Hence, sweat equity shares, ESOP and RSUs are taxed at two instances. First at the time of allotment as a perquisite — forming a part of your income under salaries — and then subsequently at the time of their sale, under the head of capital gains.

The fair market value (FMV) of shares allotted under these schemes, less any amount paid by the employee, is taxable as perquisite, upon allotment.

Subsequently, on sale, tax on capital gains has to be paid on the difference between the sale price and the FMV.

For listed companies, the FMV shall be the average of the opening and closing prices on the date of exercising the options.

Let us consider an example. ‘X’ has exercised her ESOP on April 2, 2020. She was allotted 1,000 shares of ABC company on payment of ₹100 for each share.

On that day, the opening and closing prices of ABC’s shares were ₹101 and ₹105, respectively, — the average being ₹103.

At the time of allotment, ‘X’ will have to pay tax on ₹3,000 — the difference between ₹103 (FMV) and ₹100 (exercise price) multiplied by 1,000 shares.

For unlisted companies, the FMV of shares shall be determined by a merchant banker on the date of exercising the option.

The change

In a bid to promote the start-up culture, the I-T Act exempts certain income of eligible start-ups under Section 80 IAC. These are essentially companies or limited liability partnerships, incorporated between April 1, 2016, and April 1, 2021, that hold a certificate of eligible business from the Inter-Ministerial Board of Certification (IMB).

Also, these companies should have a turnover of less than ₹100 crore (amended in the Budget, from ₹25 crore earlier).

For employees of these start-ups, who are allotted shares under ESOP etc, such tax payable on the allotment of shares can be deferred by 48 months from the end of the relevant assessment year in which the shares are allotted.

This is thanks to the amendment proposed in the Budget.

However, if the employee quits the job or sells the shares before the expiry of the said 48 months, the perquisite shall be taxable in the year in which he/she quits or sells the shares.

Do remember that this is only a deferment of your tax liability. That is, whatever be the case, the perquisite will be taxed at the slab rate applicable in the year of allotment only.

In the above example, the tax shall be computed using the slab rates applicable in AY22 (Assessment Year) only, though the payment of the same can be deferred to AY26.

Not of much help

Given that employees are taxed immediately on exercising the ESOPs, they tend to sell the shares in the same year to meet the tax liability. For employees of start-ups that are not listed, the additional time will help in waiting for the stock to list, to get a good value.

Also the scope of applicability for the deferment is quite narrow.

The said deferment is available only to those start-ups (and their employees) who are eligible under Section 80 IAC.
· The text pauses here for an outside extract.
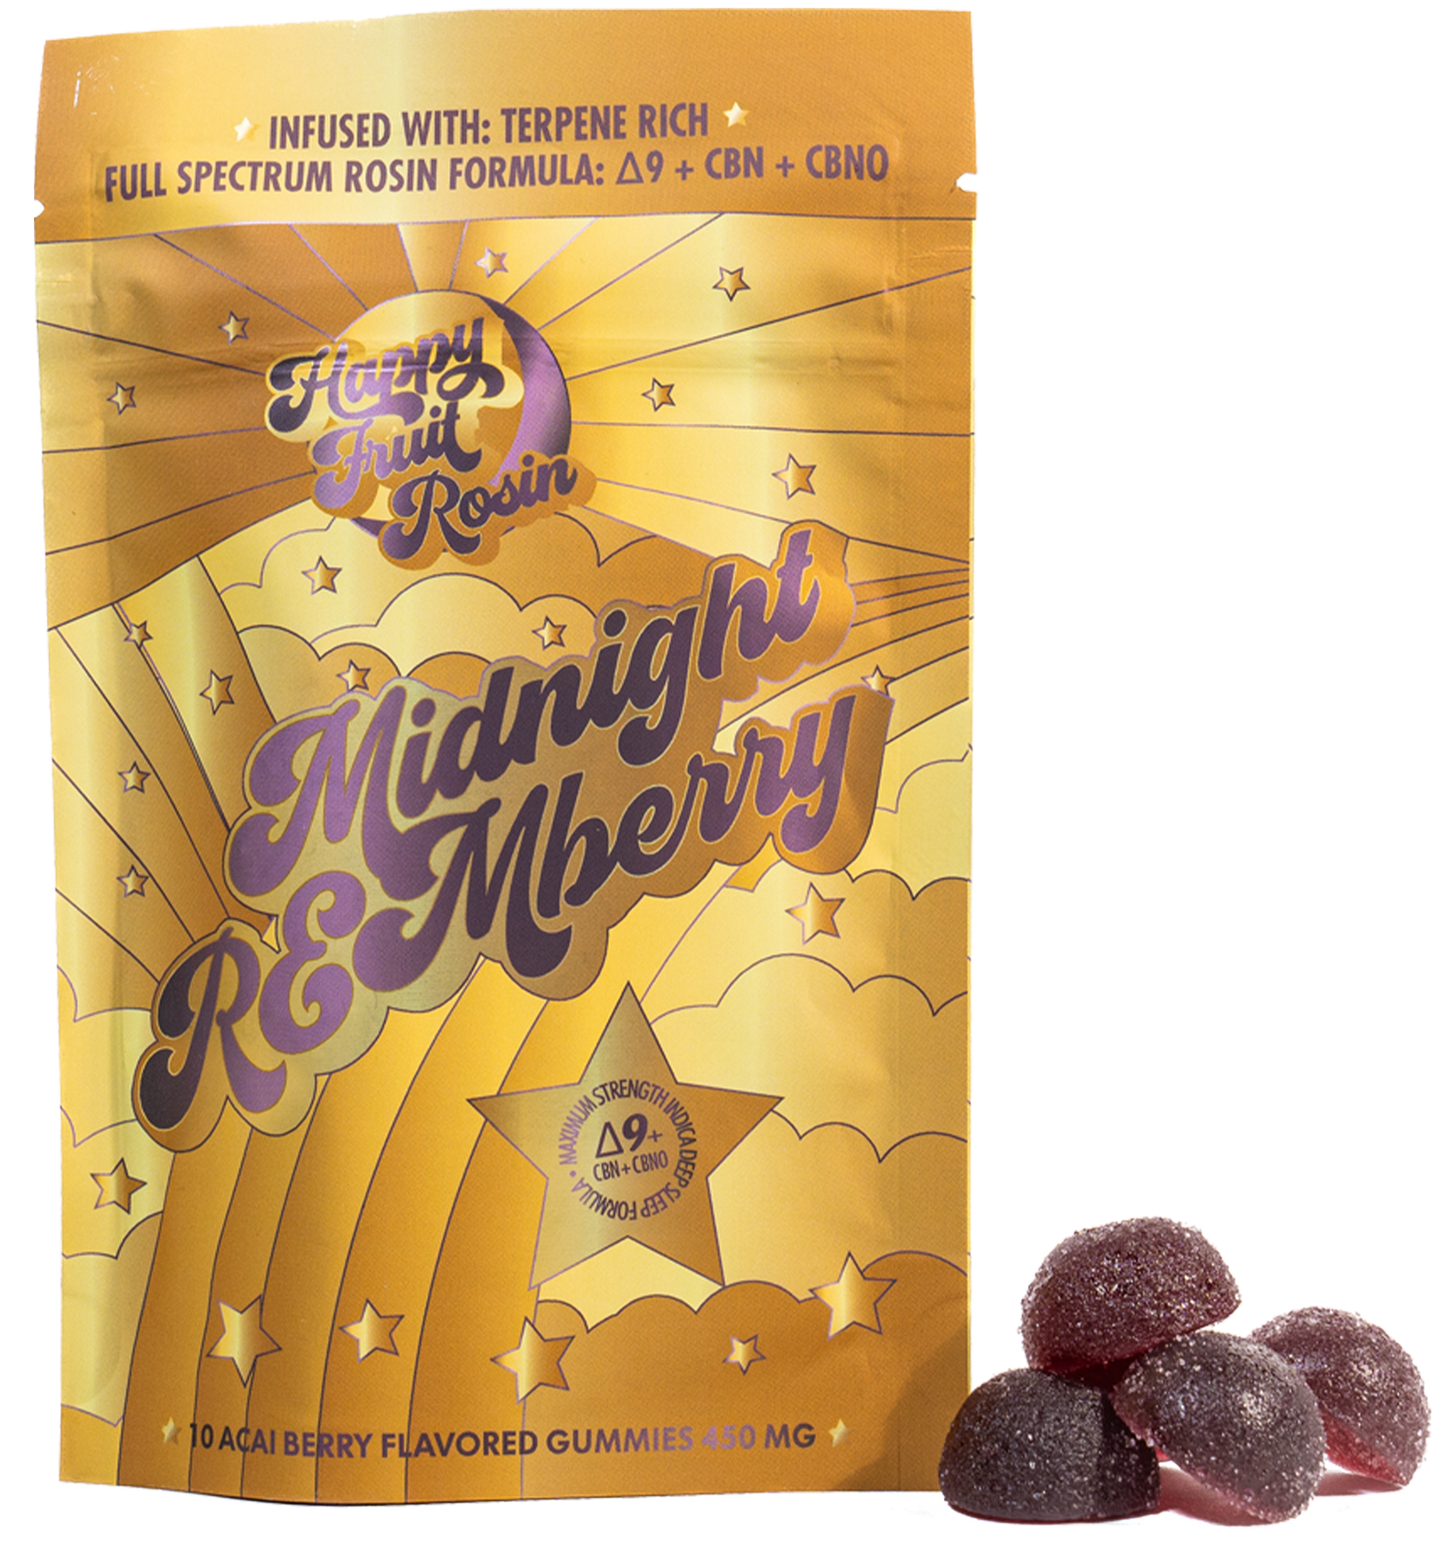 Midnight REMberry Gummies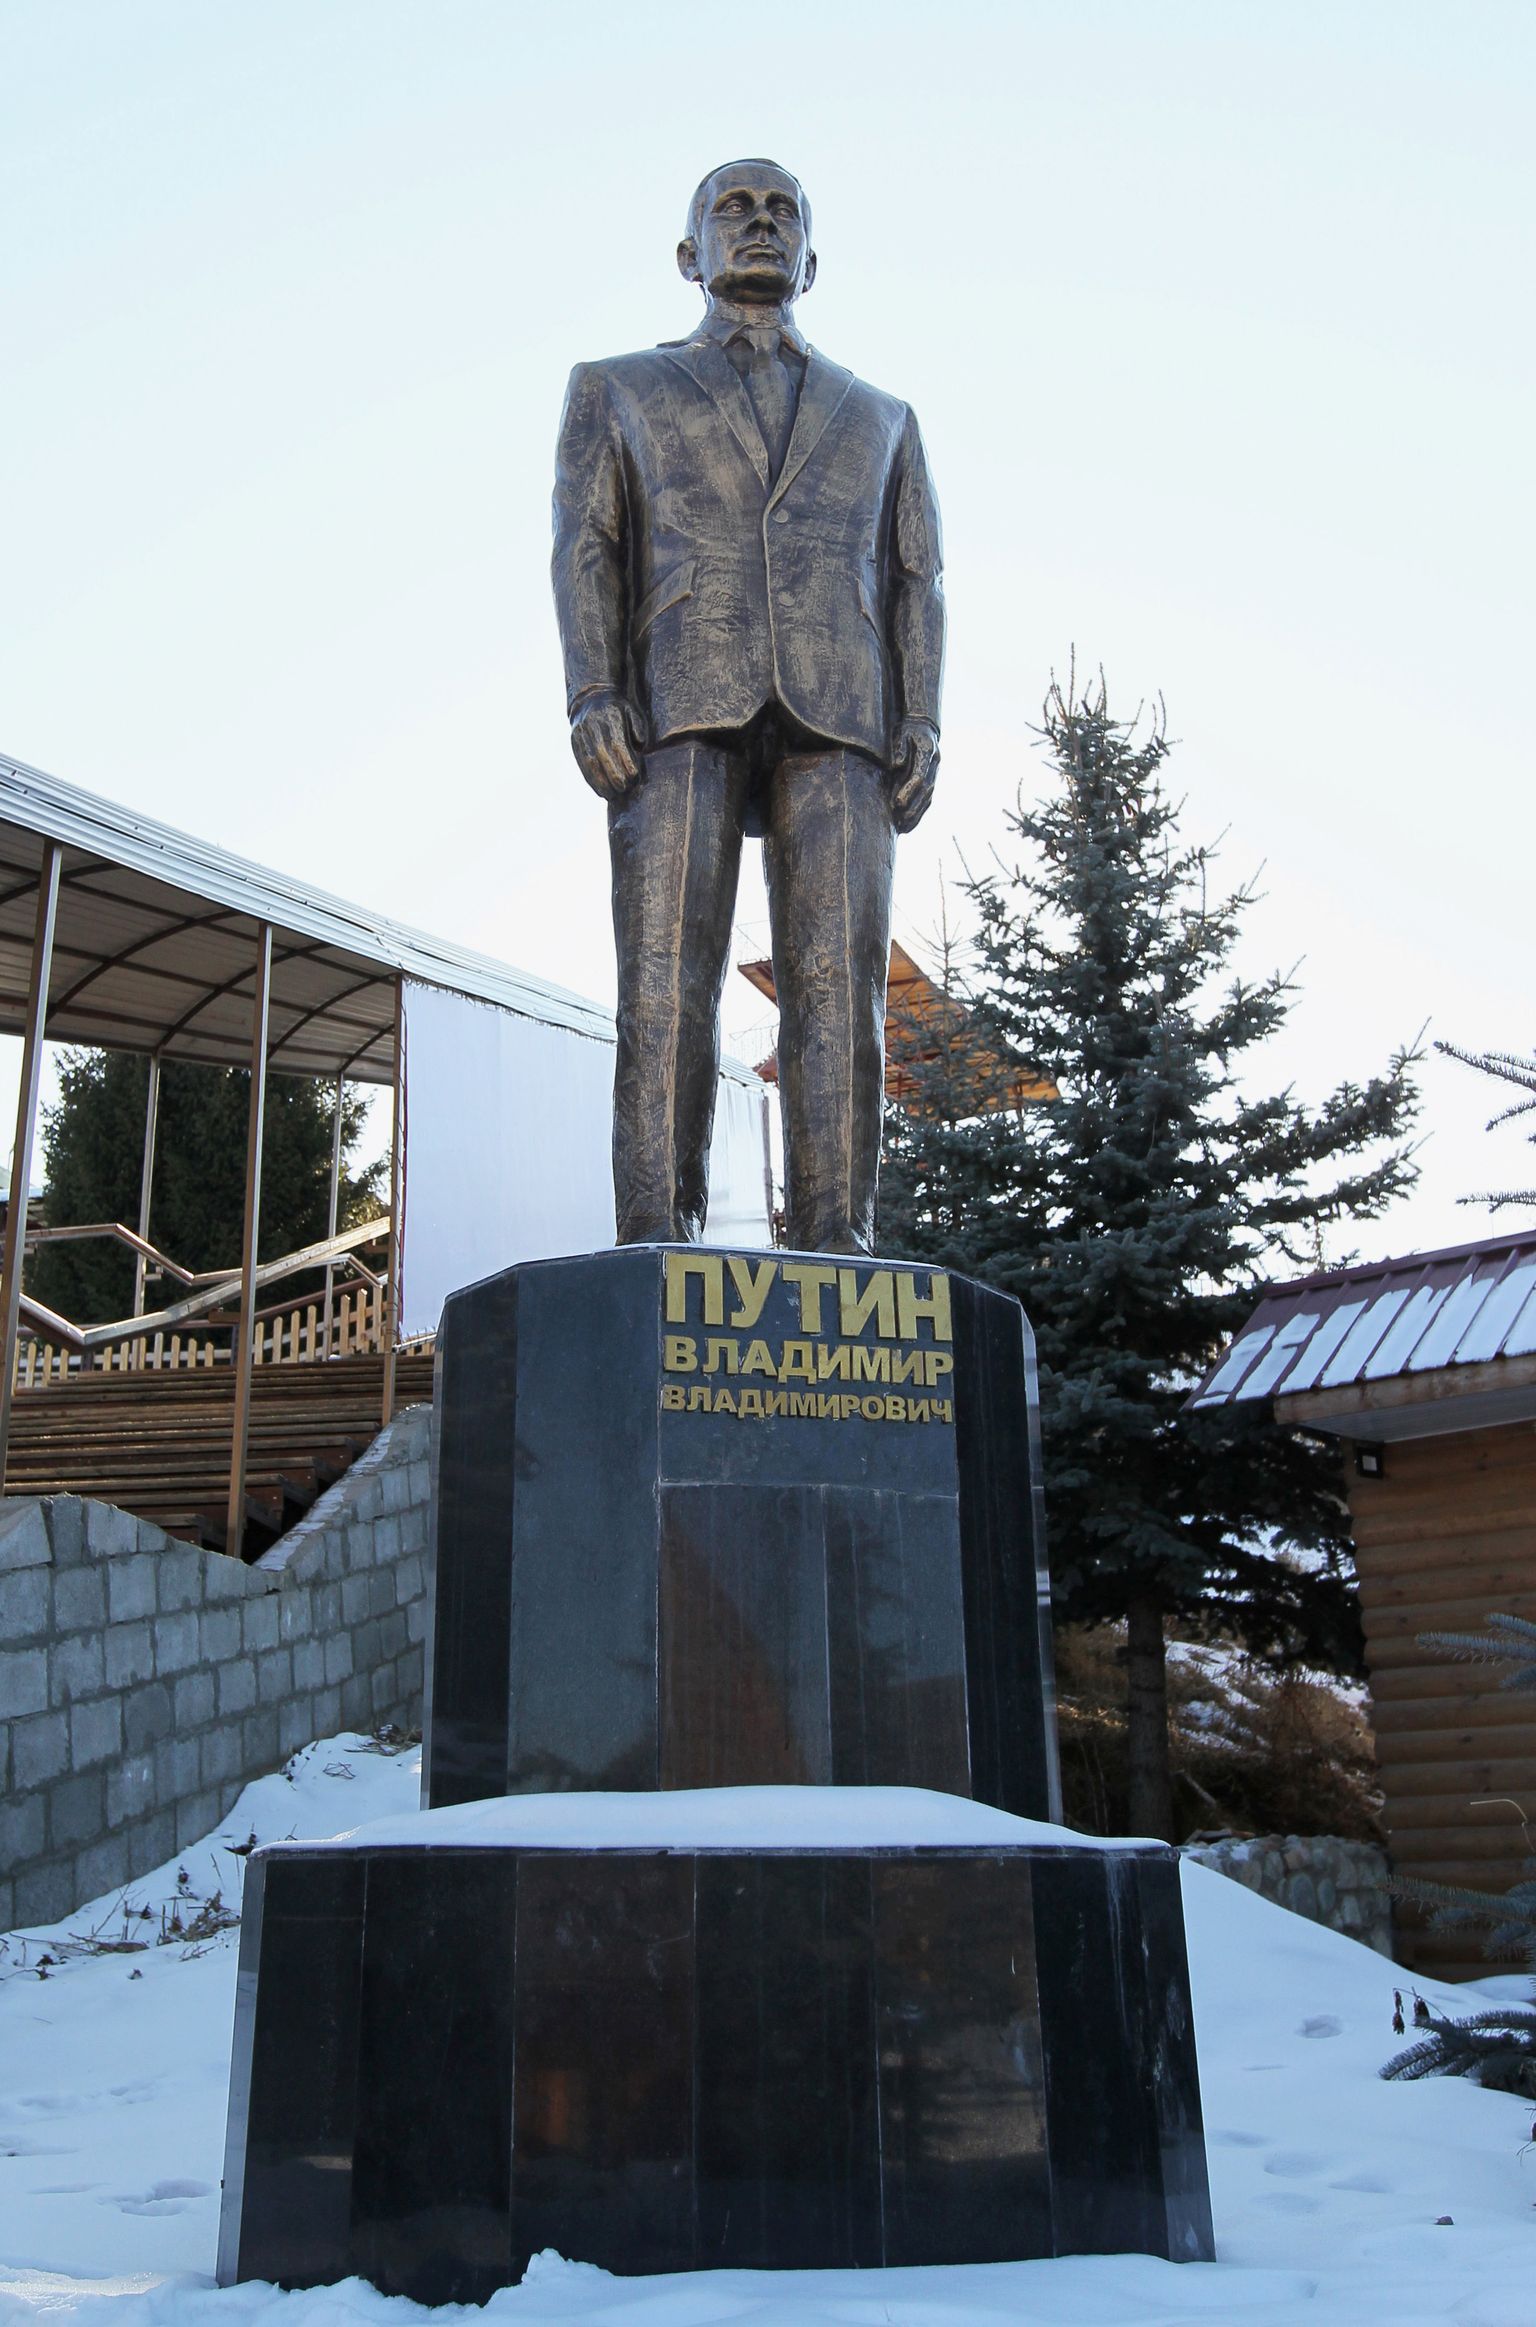 Venemaa presidendi Vladimir Putin kuju Kõrgõzstani Zili mäesuusakeskuses

Reportedly, of the 27,000 start-ups registered with the Department for Promotion of Industry and Internal Trade, the exemption under Section 80 IAC is availed by only about 250 odd companies.

Rakesh Nangia, Chairman, Nangia Andersen Consulting, explains: “If a start-up which has been approved by IMB breaches the condition of turnover of ₹100 crore, it will not be entitled to the deferment of taxes on ESOPs exercised in the year when such condition is breached and in the subsequent years.”

Nangia believes that similar relaxation should also have been made for ESOPs granted to employees of other companies, besides start-ups.